I came up with the solution $g(n) = g(n-3) + g(n-1)$, where $g(0)=g(1)=g(2)=1$ and $g(3)=2$. But to solve $g(100)$ is quite difficult if I use substitution method so I just want to know if there is a feasible method to solve for $g(100)$ ?
This is OEIS A000930, sometimes known as Narayana’s cows sequence.
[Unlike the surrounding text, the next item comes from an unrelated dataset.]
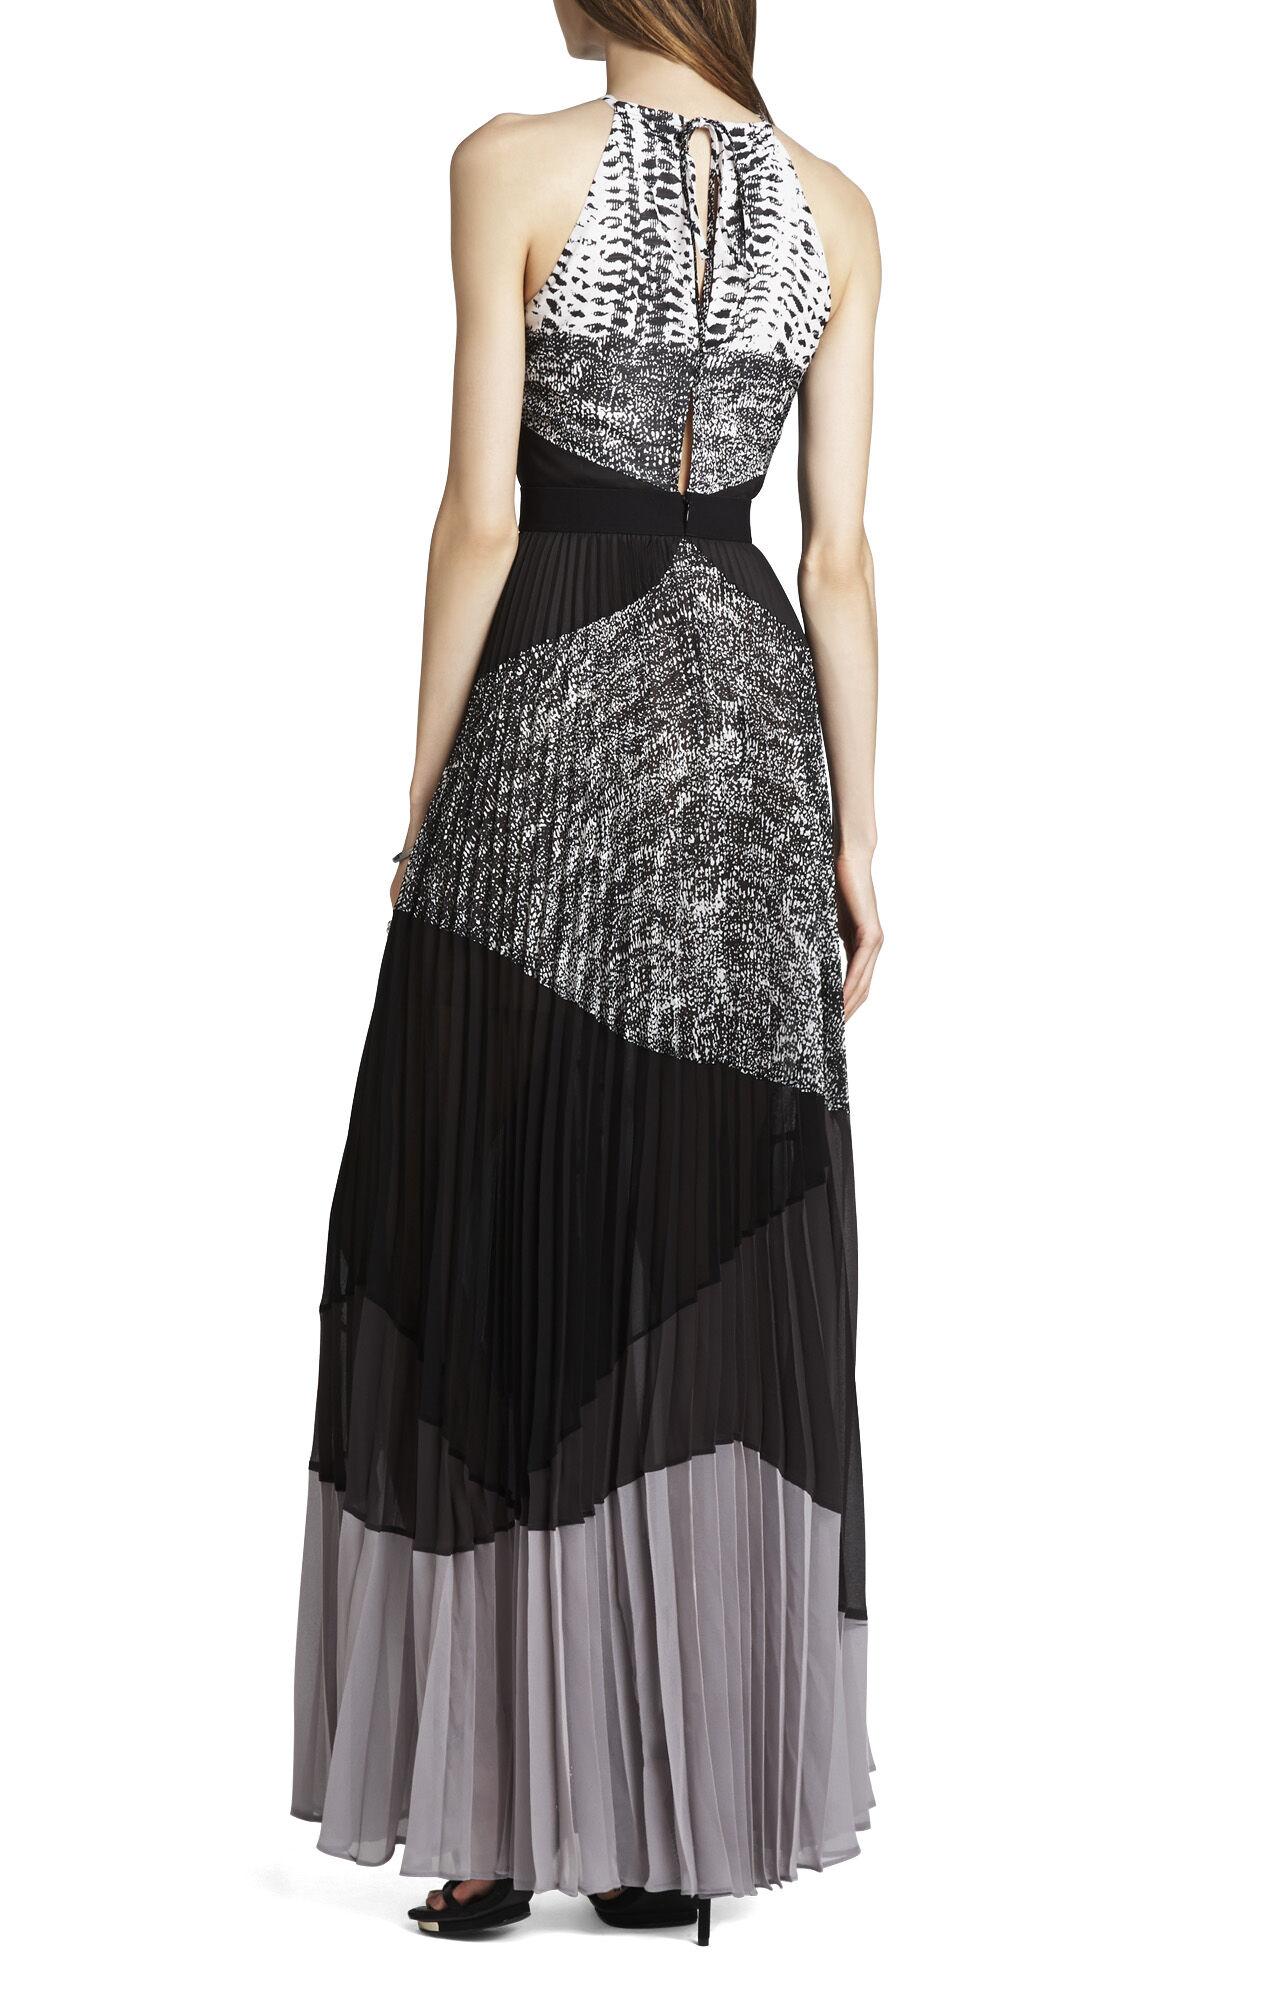 Clarissa Pleated Halter Dress

The link does give a closed form:
$$g(n)=\left\lfloor dc^n+\frac12\right\rfloor\;,$$
where $c$ is the real root of $x^3-x^2-1$, and $d$ is the real root of $31x^3-31x^2+9x-1$. It also says that $d=0.611491991950812\dots$ and
$$c=\frac23\cos\left(\frac13\arccos\left(\frac{29}2\right)\right)+\frac13=1.46557123187676\dots\;,$$
but you’ll need moderately high-precision arithmetic to get an exact value for $g(100)$ from that.
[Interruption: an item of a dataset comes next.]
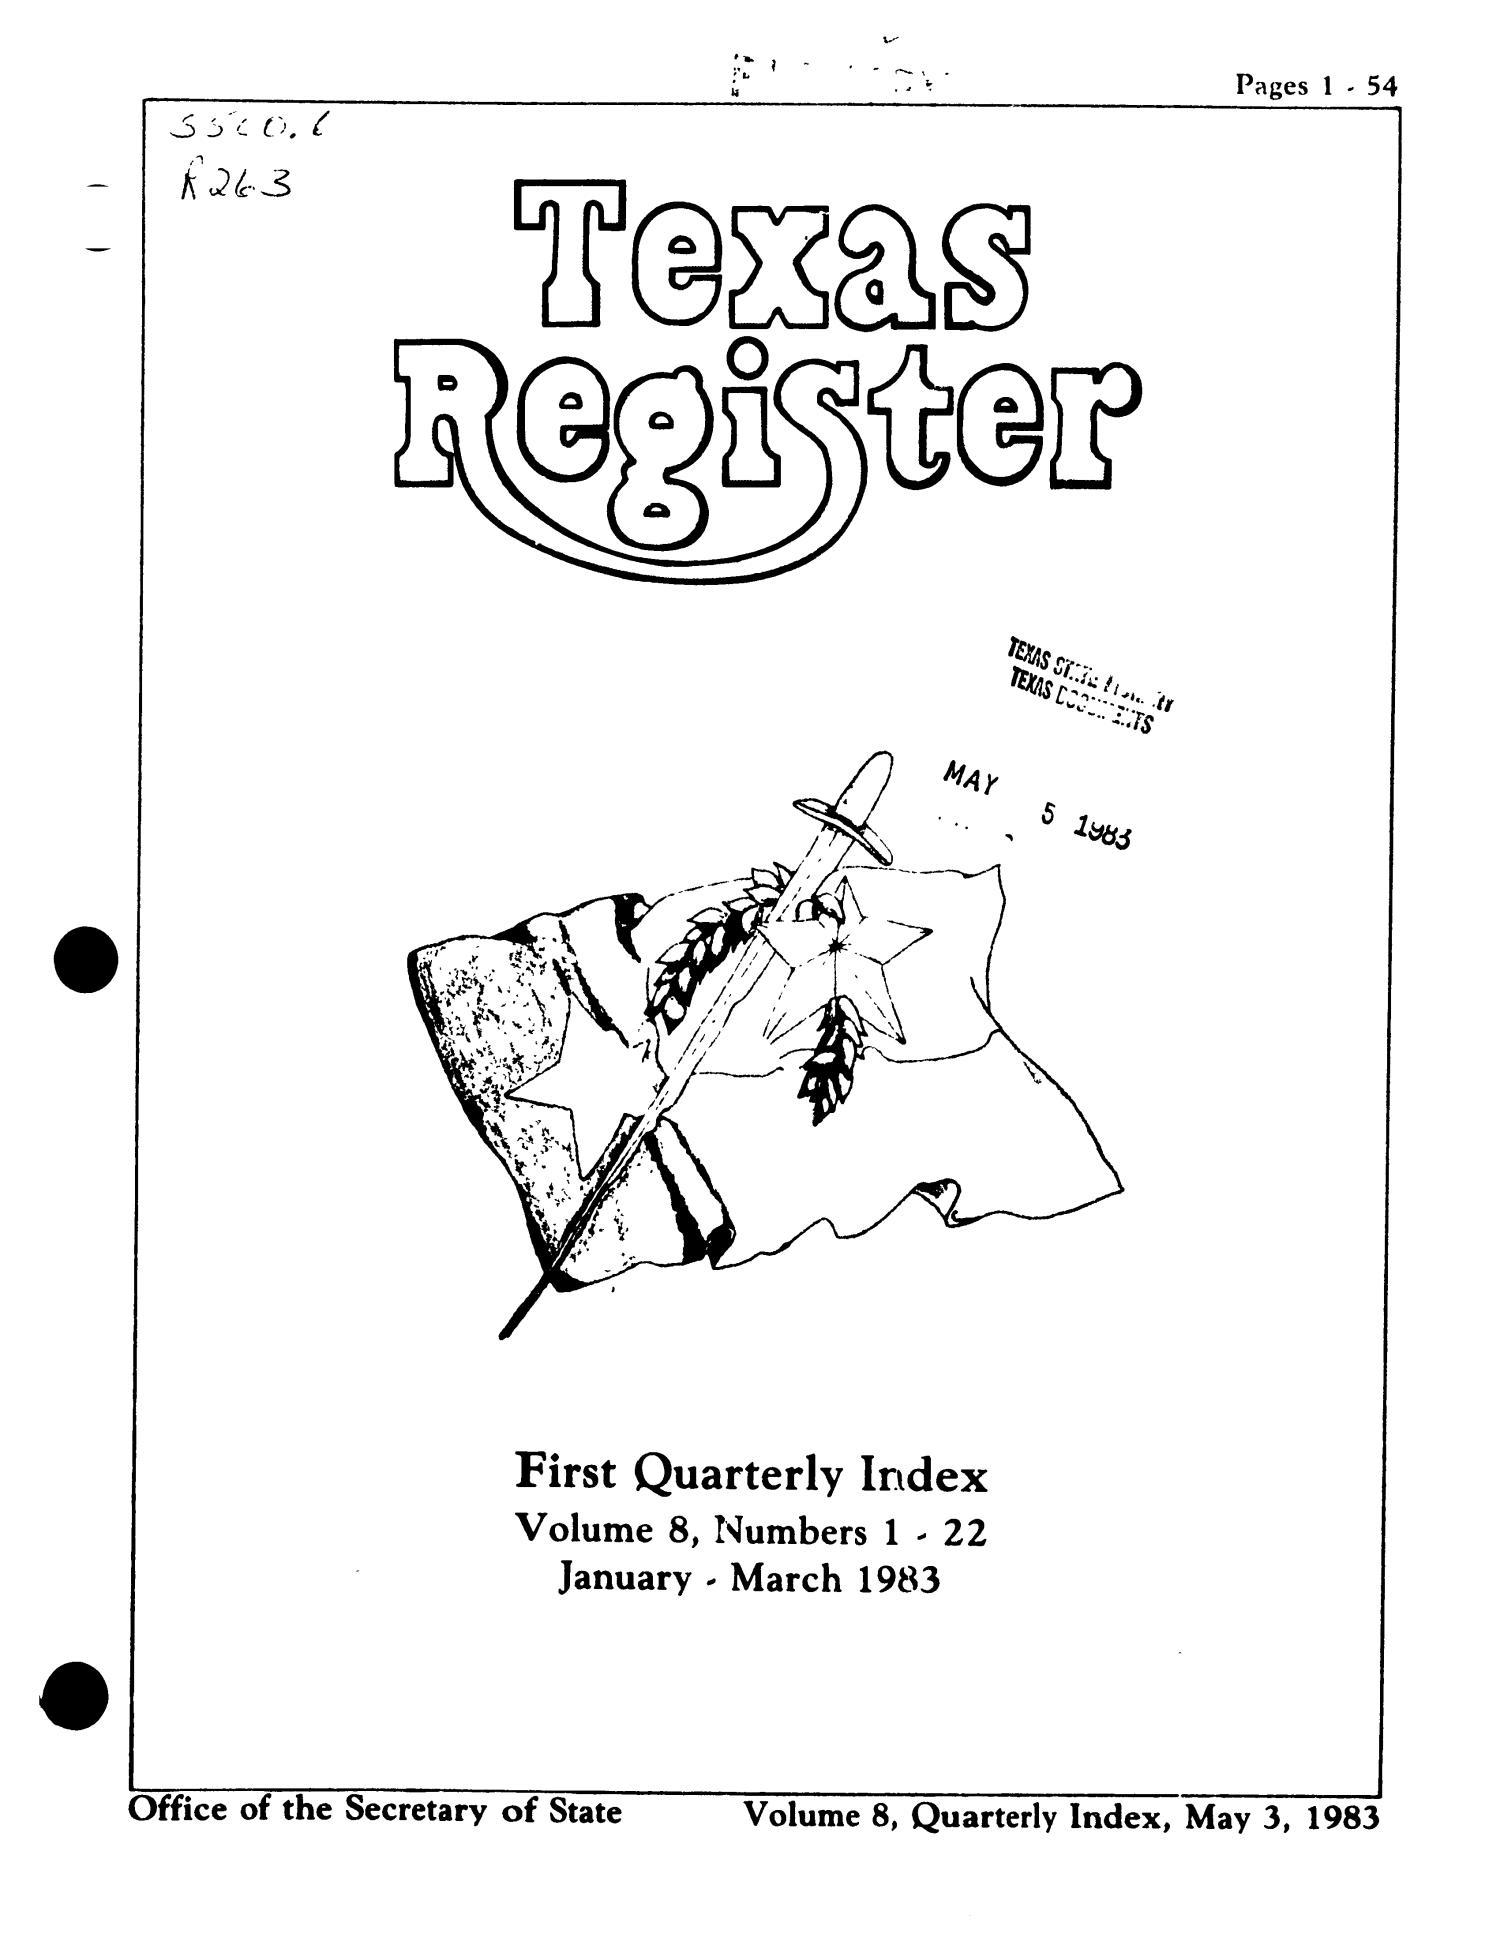 Texas Register, Volume 8, Quarterly Index I Numbers 1-22

Essentially, you need to find the number of natural number pairs $(a,b)$ such that $$a+3b = 100$$ More importantly, you need to take into account the order in which $1$'s and $3$'s appear. For instance, $a=1, b=33$ is a solution to the above. And we can choose $1$ one step and $33$ three steps in $34$ ways. If the solution is $(100-3b,b)$, the number of ways we can have $100-3b$ one steps and $b$ three steps is $$\dfrac{(100-2b)!}{b! (100-3b)!}$$ Hence, the total number of ways is $$\sum_{b=0}^{33} \dfrac{(100-2b)!}{b! (100-3b)!}$$ In general, $$g(n) = \sum_{n=0}^{\lfloor n/3 \rfloor} \dfrac{(n-2b)!}{b! (n-3b)!}$$ From this, we get $g(100) = 24382819596721629$.
EDIT
This also agrees with OEIS A000930, Narayana’s cows sequence.
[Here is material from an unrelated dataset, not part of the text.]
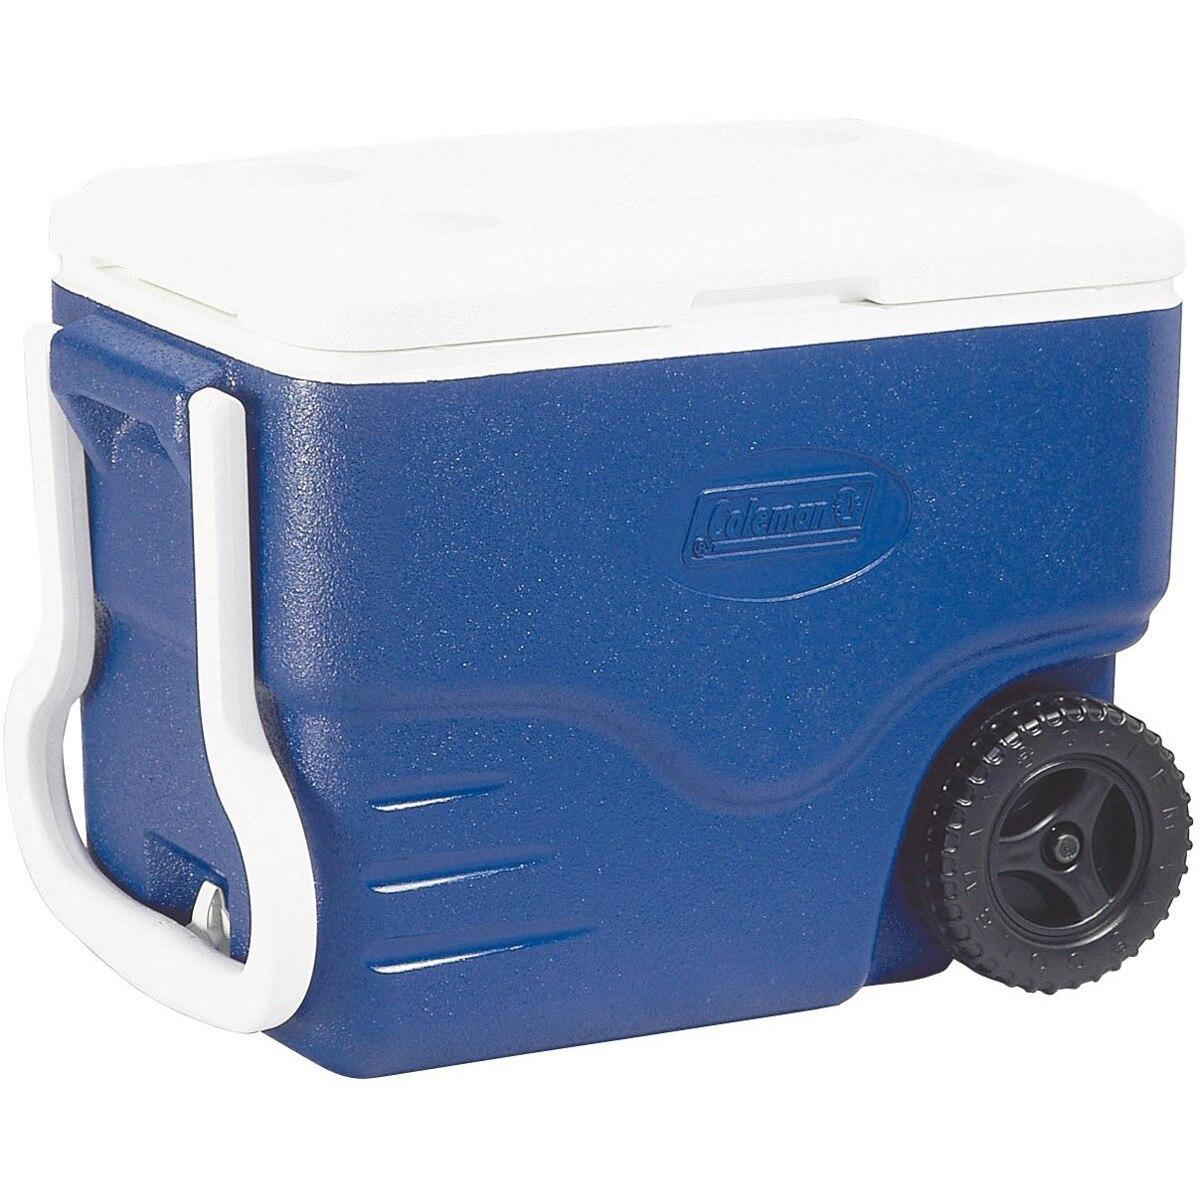 Fotografie Lada frigorifica pasiva Coleman Performance, 37.5 litri, cu roti, albastru

As a possibly computationally more efficient way of getting the answer I proffer the following (only requires integer arithmetic, and AFAICT at least asymptotically less operations than Marvis' sum of binomial coefficients). We can turn the recurrence formula into a matrix equation. Define the vector $\vec{g}(n)=(g(n),g(n+1),g(n+2))$. Then $\vec{g}(n+1)=\vec{g}(n)A$, where $A$ is the $3\times3$ matrix $$ A=\left(\begin{array}{ccc}0&0&1\\1&0&0\\0&1&1\end{array}\right). $$ An obvious induction shows that $\vec{g}(n)=A^n\vec{g}(0)$. You already calculated that $\vec{g}(0)=(1,1,1)$, so `all' we need to do is to compute $A^{100}$ (actually $A^{98}$ would suffice, but that doesn'r really matter this time). There you should use the ever useful square-and-multiply-algorithm: Repeated squaring gives you $A^2$, $A^4=(A^2)^2$, $A^8$, $\ldots$, $A^{64}$ after six matrix multiplications. Three more matrix multiplications (a total of nine) then gives you $$ A^{100}=A^{64+32+4}=A^{64}\cdot A^{32}\cdot A^4. $$
The ordinary generating function for the sequence $g(n)$ is $$ G(x) = \sum_{n=0}^\infty g(n)\,x^n = 1 + x + x^2 + 2x^3 + \cdots $$
The relation $g(n) = g(n - 1) + g(n - 3)$ leads to the equation $$ G(x) - 1 - x - x^2 = x \big( G(x) - 1 - x \big) + x^3 G(x), $$ which simplifies to $$ G(x) = \frac{1}{1 - x - x^3}. $$ Using technology to expand the series to find the $100$th term, $$ g(100) = \frac{G^{(100)}(0)}{100!} = 24\,382\,819\,596\,721\,629 \approx 2.4 \times 10^{16}. $$